Edna blinked. She thought a moment, then said. "No, but I'm not a
lawnmower."
"True, but --"
"But you are."
"True again, but --"
She pointed with the trowel. "You haven't finished cutting the grass."
There was a pause.
"I can't think of a better way for you to hide, can you? Do I need to
show you where you left off?"
"No, I'll find it, thanks." The mower turned and rolled across the lawn.
Something occurred to Edna. She called after the machine: "By the way,
your voice is much clearer. When you're done, I can sit on the steps
and we can have a nice talk before you put yourself away."
The mower stopped. "If it's all the same to you, I think I'm going to
go back to beeping for now."
Edna sighed, then nodded. "The neighbors might get curious." She
pointed to the houses nearby, then she pointed skyward.
The lawnmower beeped, then headed for the spot in the yard where it had
left off mowing.
Edna reached down and snapped off the last, dead blossom. Into the
now-full bucket it went. She backed out of the flower bed and stood,
hands on hips, surveying her work. From the house to the mailbox
garden, the daylilies were cleared of all their old blooms.
And cleared of any switchgrass hiding among the flowers.

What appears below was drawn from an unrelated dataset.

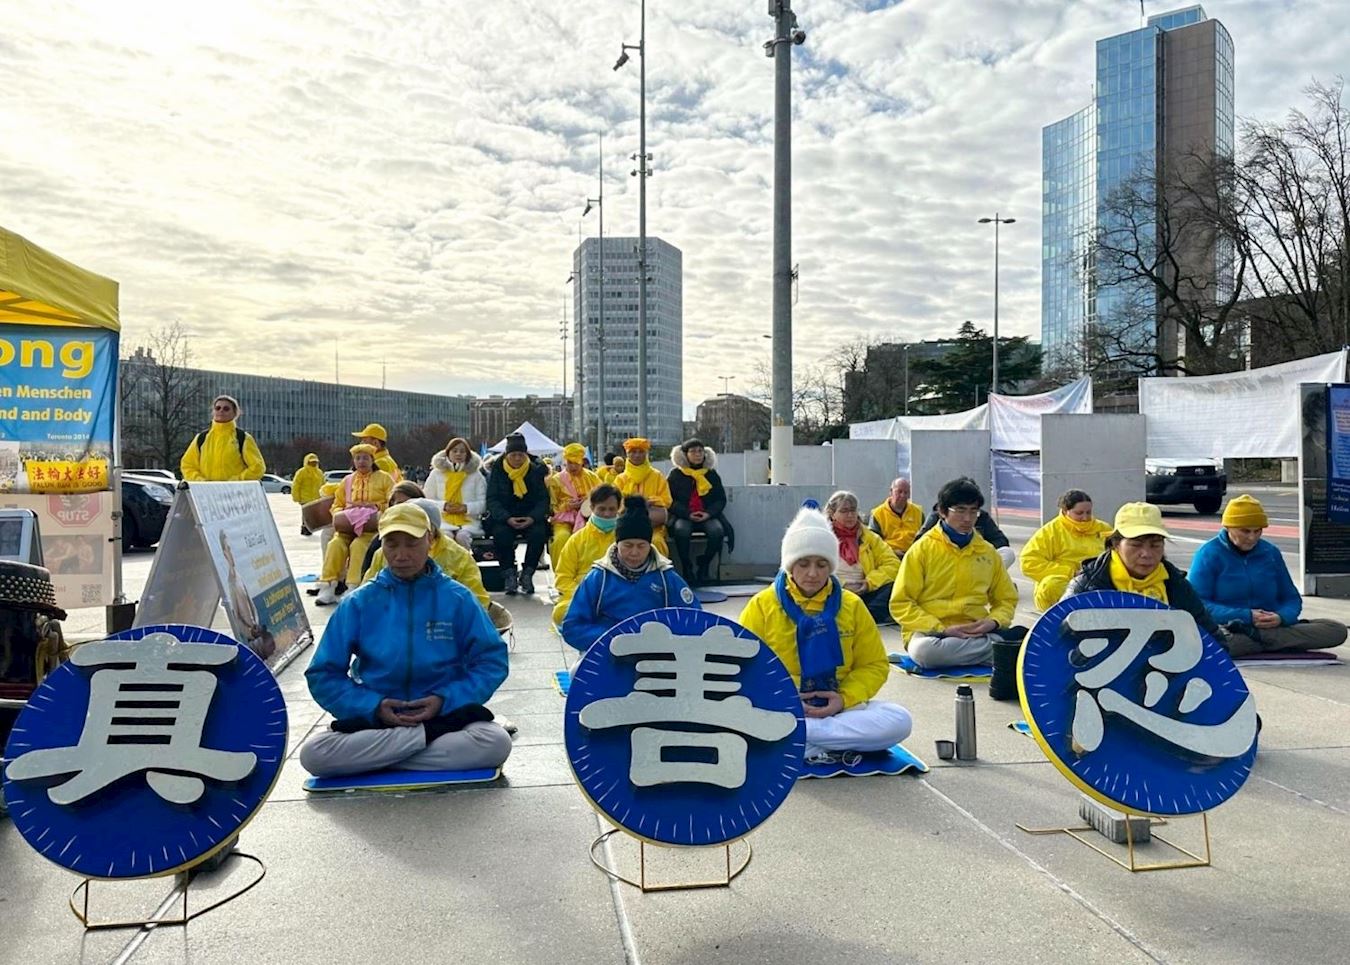 Image for article Ginevra, Svizzera: Appello per la fine della persecuzione del Falun Gong alla riunione del Consiglio dei diritti umani delle Nazioni Unite

She picked up the wagon's handle and started up her driveway. The
lawnmower hummed purposefully across the lawn.
"Too smart for its own good ..." she muttered, shaking her head.
THE END
© 2018 Rick Grehan
Bio: Rick Grehan is a Senior Software Engineer at Oracle, where he works in
the cloud (in more ways than one). His most recent appearance in
Aphelion was "Pappa Zippy's Pizza", back in the February, 2016 issue.